Source material ->
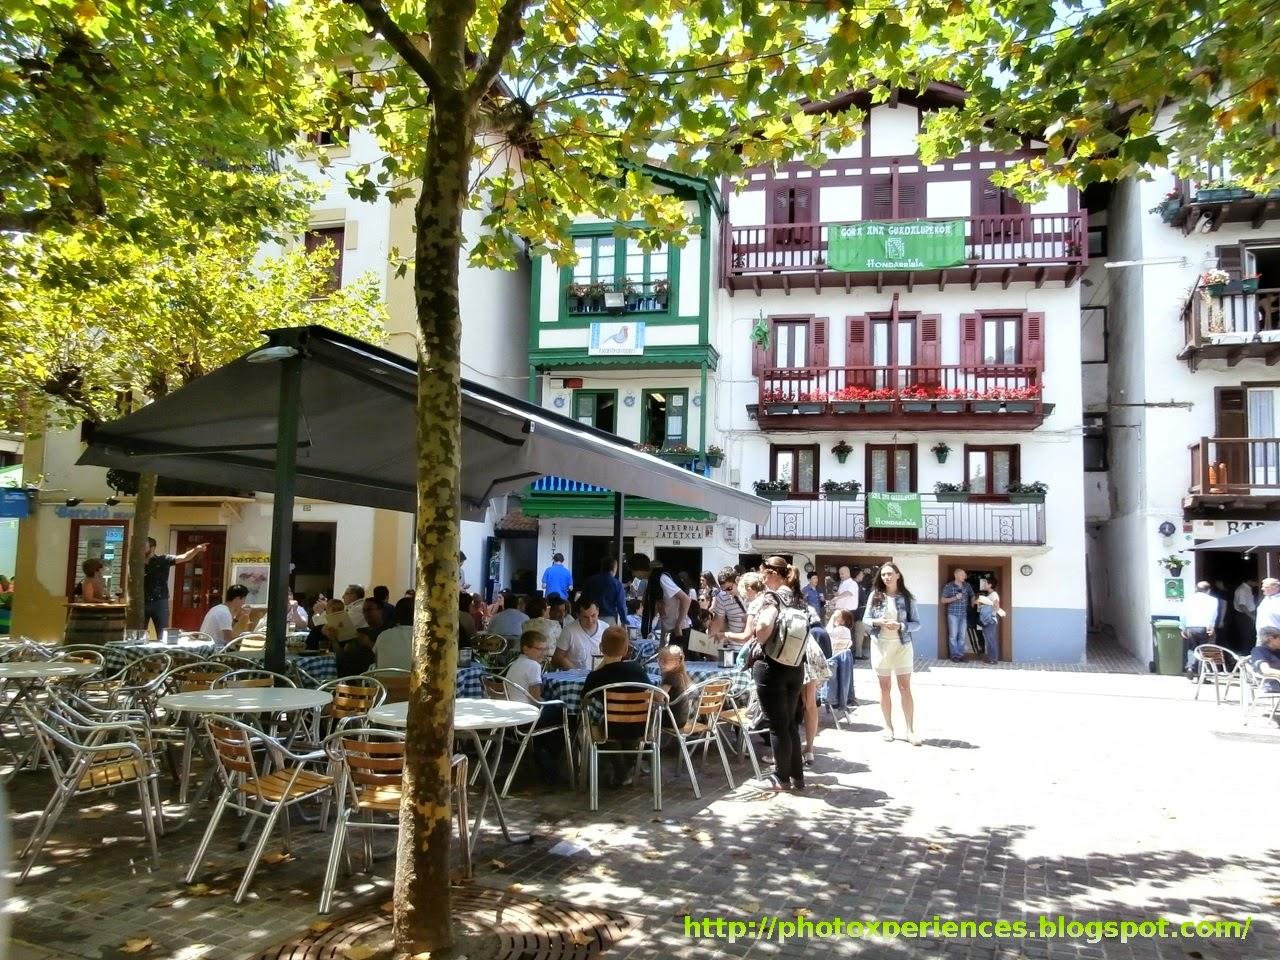 Casas y bares típicos del Barrio de la Marina de Hondarribia - Fuenterrabía
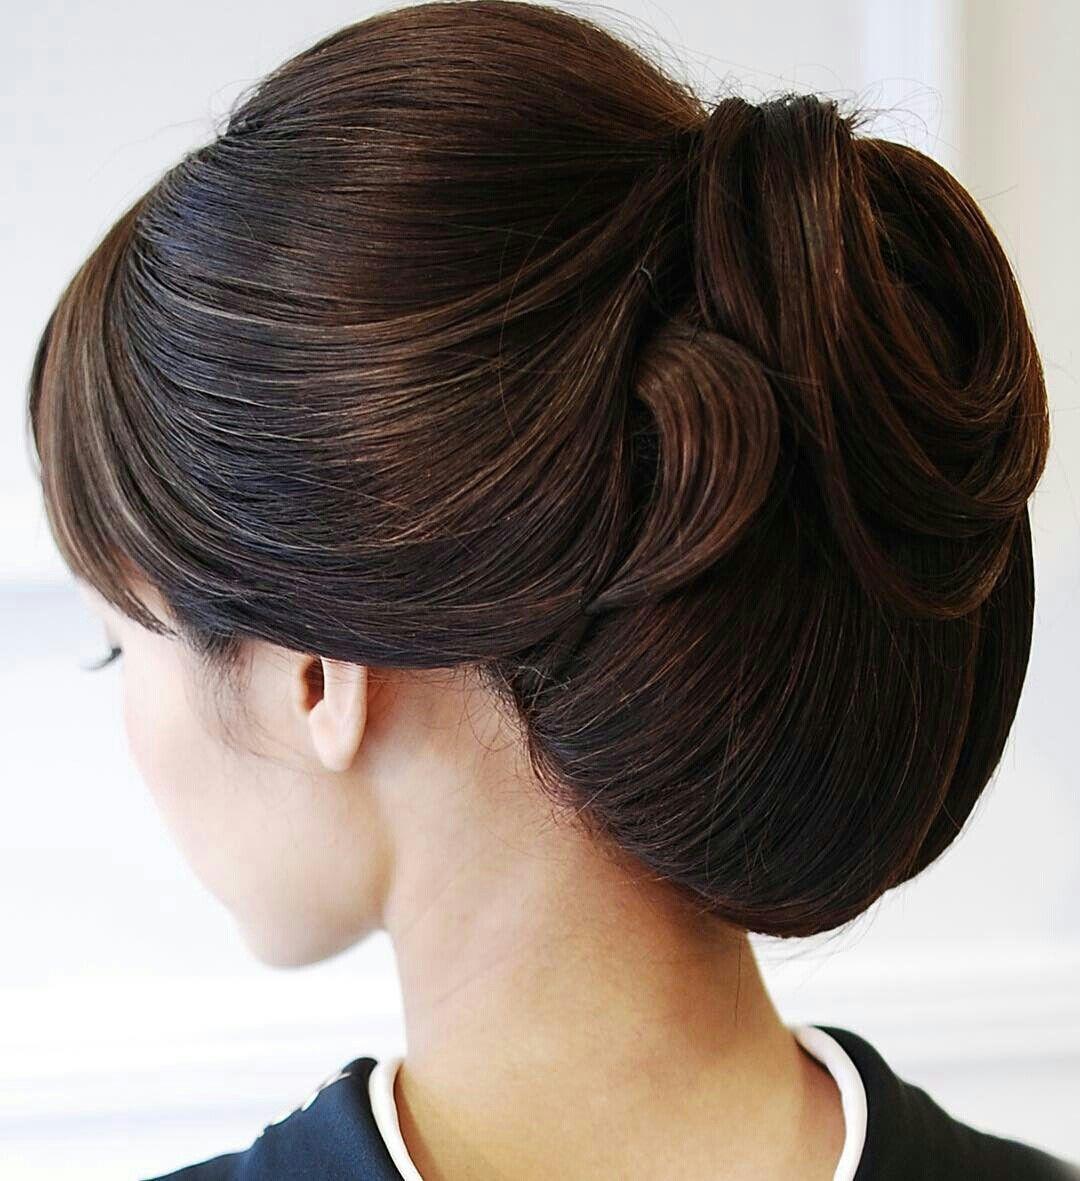 Pin by Preksha Pujara on Western Low Bun Hairstyles | Hair ...
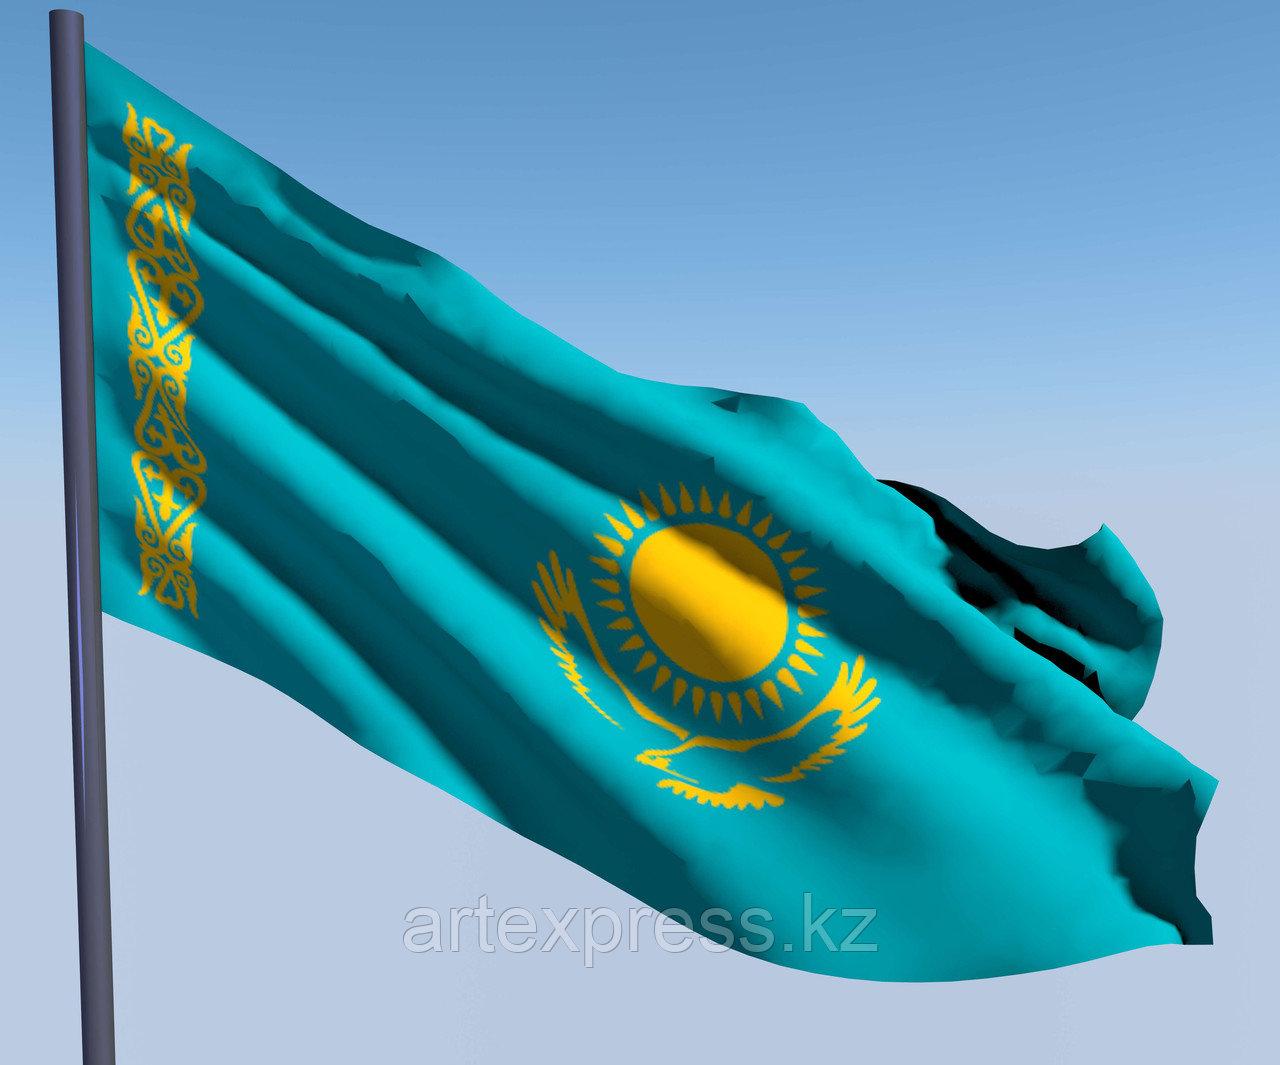 Флаг РК, размером 1 х 2 м (двухслойный, атлас, сублимационная термопечать)
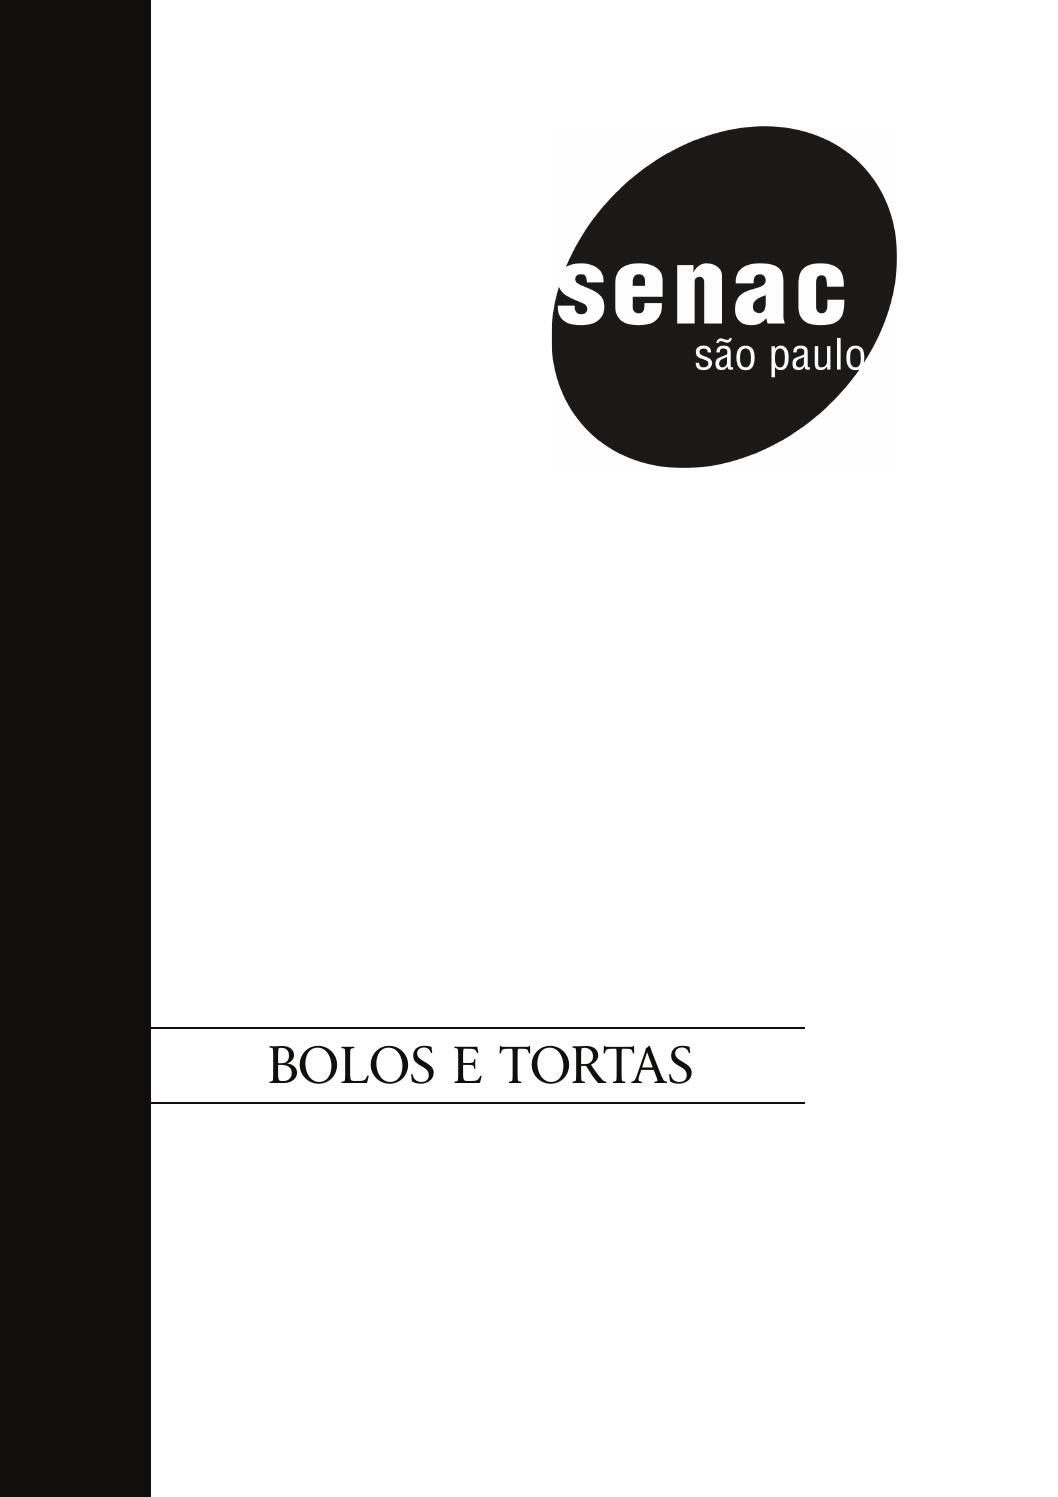 Apostila Bolos e Tortas (SENAC São Paulo) in 2020

Work instructions ->
An exact copy of the material above is required, minus its images.

Answer section ->
 Casas y bares típicos del Barrio de la Marina de Hondarribia - Fuenterrabía
 Pin by Preksha Pujara on Western Low Bun Hairstyles | Hair ...
 Флаг РК, размером 1 х 2 м (двухслойный, атлас, сублимационная термопечать)
 Apostila Bolos e Tortas (SENAC São Paulo) in 2020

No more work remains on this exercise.